For the nine month period ended September 30, 2020, this ratio decreased to 66.9% from 82.2% in the comparable period in 2019. The decrease in the loss ratio for the three month and nine month periods ended September 30, 2020 was primarily due to a
significantly lower number of claims incurred in the Medicare supplement line of business due to the Company’s individual policy holders being subject to varying degrees of shelter in place orders instituted throughout the United States during 2020
as a result of COVID-19. Also contributing to the decrease in the loss ratio was an improvement in rate adequacy in the Medicare supplement line of business as a result of implementation of rate increases on existing business.
Commissions and underwriting expenses decreased $0.3 million, or 4.1%, during the three month period ended September 30, 2020, and $0.5 million, or 2.0%, during the nine month period ended September
30, 2020, over the comparable periods in 2019. As a percentage of earned premiums, underwriting expenses were 26.6% in the three month period ended September 30, 2020, compared to 27.4% in the three month period ended September 30, 2019. For the
nine month period ended September 30, 2020, this ratio decreased to 27.8% from 28.1% in the comparable period in 2019. The decrease in the expense ratio for the three month and nine month periods ended September 30, 2020 was primarily due to a
decrease in agent incentive costs and realization of costs saving initiatives, predominantly related to postage costs.
Net Investment Income and Realized Gains (Losses)
Investment income decreased $0.4 million, or 16.4%, during the three month period ended September 30, 2020, and $1.1 million, or 16.3%, during the nine month period ended September 30, 2020, over the
comparable periods in 2019. The decrease in investment income was primarily attributable to net losses in the Company’s other invested assets.
The Company had net realized investment gains of $0.2 million during the three month period ended September 30, 2020, compared to net realized investment losses of $0.4 million during the three month
period ended September 30, 2019. The Company had net realized investment gains of $0.4 million during the nine month period ended September 30, 2020, compared to net realized investment gains of $1.6 million during the nine month period ended
September 30, 2019. The net realized investment gains during the three month and nine month periods ended September 30, 2020 resulted primarily from the disposition of several of the Company’s investments in fixed maturity securities.

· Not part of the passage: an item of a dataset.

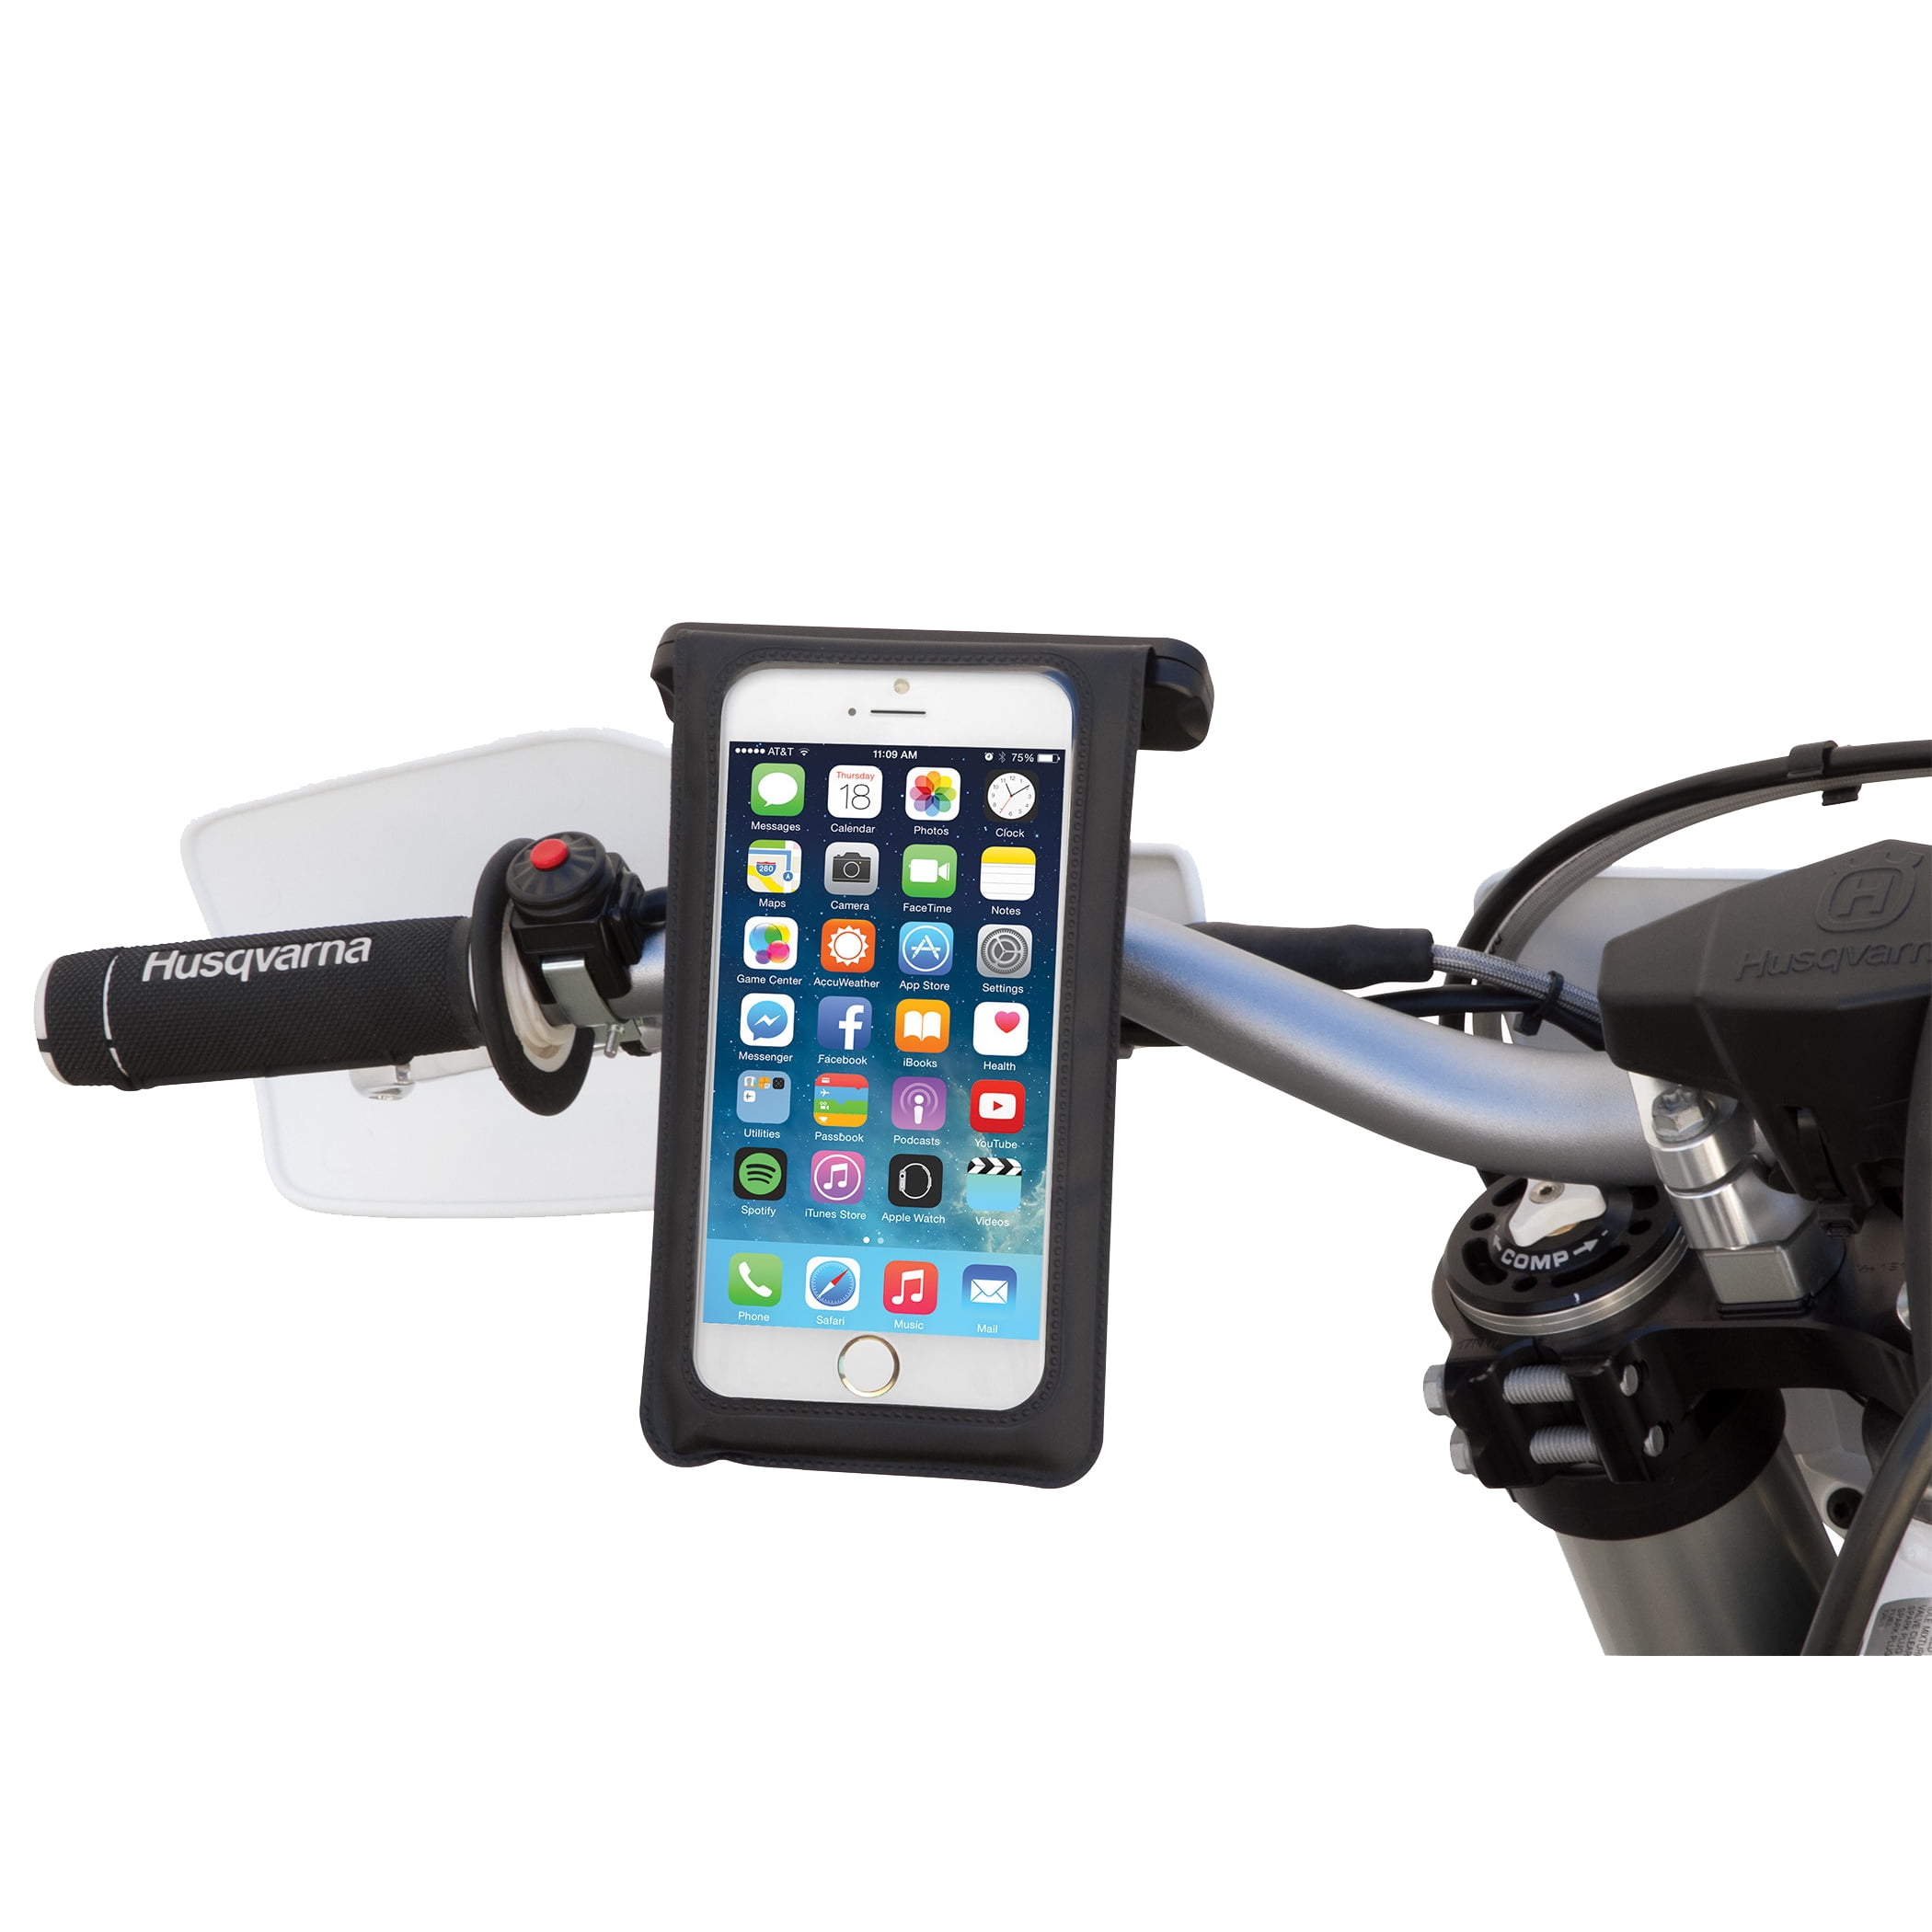 scosche bike mount for mobile devices

Management
continually evaluates the Company’s investment portfolio and makes adjustments for impairments and/or divests investments as may be determined to be appropriate.
Unrealized Gains (Losses) on Equity Securities
Investments in equity securities are measured at fair value at the end of the reporting period, with any changes in fair value reported in net income during the period, with certain exceptions. The
Company recognized net unrealized losses on equity securities of $0.7 million during the three month period ended September 30, 2020 and unrealized gains on equity securities of $0.9 million during the three month period ended September 30, 2019.
The Company recognized net unrealized losses on equity securities of $7.8 million during the nine month period ended September 30, 2020 and unrealized gains on equity securities of $2.1 million during the nine month period ended September 30, 2019.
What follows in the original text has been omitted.